Haleh Sahabi simply wanted to attend the funeral of her father, the activist Ezatollah Sahabi. When the regime tried to end the funeral for fear that it would cause protests, Haleh objected. As a result the regime attacked and she was killed.
Here is the story:
The daughter of a prominent veteran Iranian dissident has died after reportedly scuffling with security forces at his funeral.
Haleh Sahabi, 54, also an opposition activist and women's rights campaigner, had been allowed out of prison to attend the funeral of her father, Ezatollah Sahabi, on Wednesday. She fell to the ground in the scuffle and died of a cardiac arrest, according to the opposition website Kaleme.
The semi-official Fars news agency confirmed Sahabi's death but denied there had been a clash with police and accused the opposition movement of seeking to politicise the incident.
"Fars reporters present at the funeral service said there was no clash between the mourners and security forces," it said.
Alireza Janeh, head of security matters at the Tehran governor's office, said there were no clashes and that Sahabi had died of heart problems exacerbated by stress and hot weather at his funeral.
Sahabi's death is likely to anger women's rights campaigners and supporters of Iran's opposition movement, whose massive street protests after the re-election of President Mahmoud Ahmadinejad in 2009 were crushed by the government and whose leaders have been put under house arrest.
Sahabi was arrested during the post-election crackdown and was given a two-year jail sentence.
"Security forces tried to interfere in the carrying of the body, she objected and security forces confronted her and other people present," Kaleme said, adding that Sahabi was pushed to the ground.
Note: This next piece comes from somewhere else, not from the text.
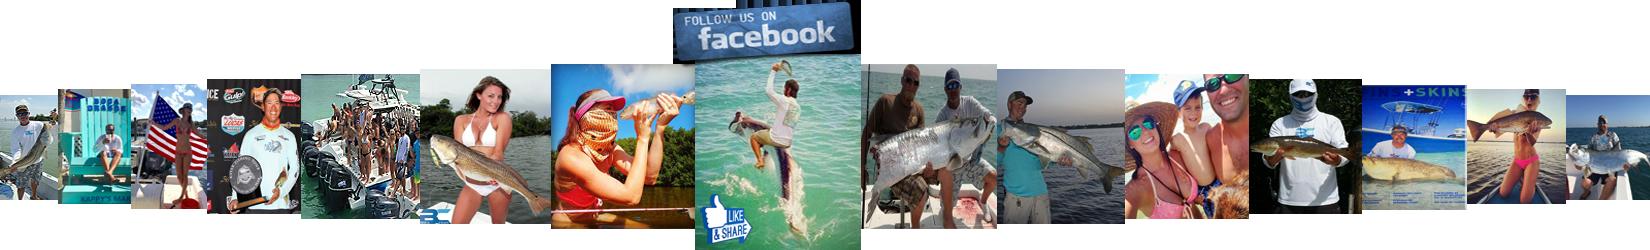 Fishing for tarpon snook and redfish

Another opposition site, Sahamnews, said security forces punched her in the stomach.
Kaleme said she was holding a picture of her father to her chest and fell when security forces tried to take it from her. "She fell and did not get up," it said.
Prominent opposition figures and former moderate officials attended the ceremony in the north-eastern Tehran suburb of Lavasan for Ezatollah Sahabi, who was jailed both before and after the 1979 Islamic revolution and spent a total of 15 years in prison.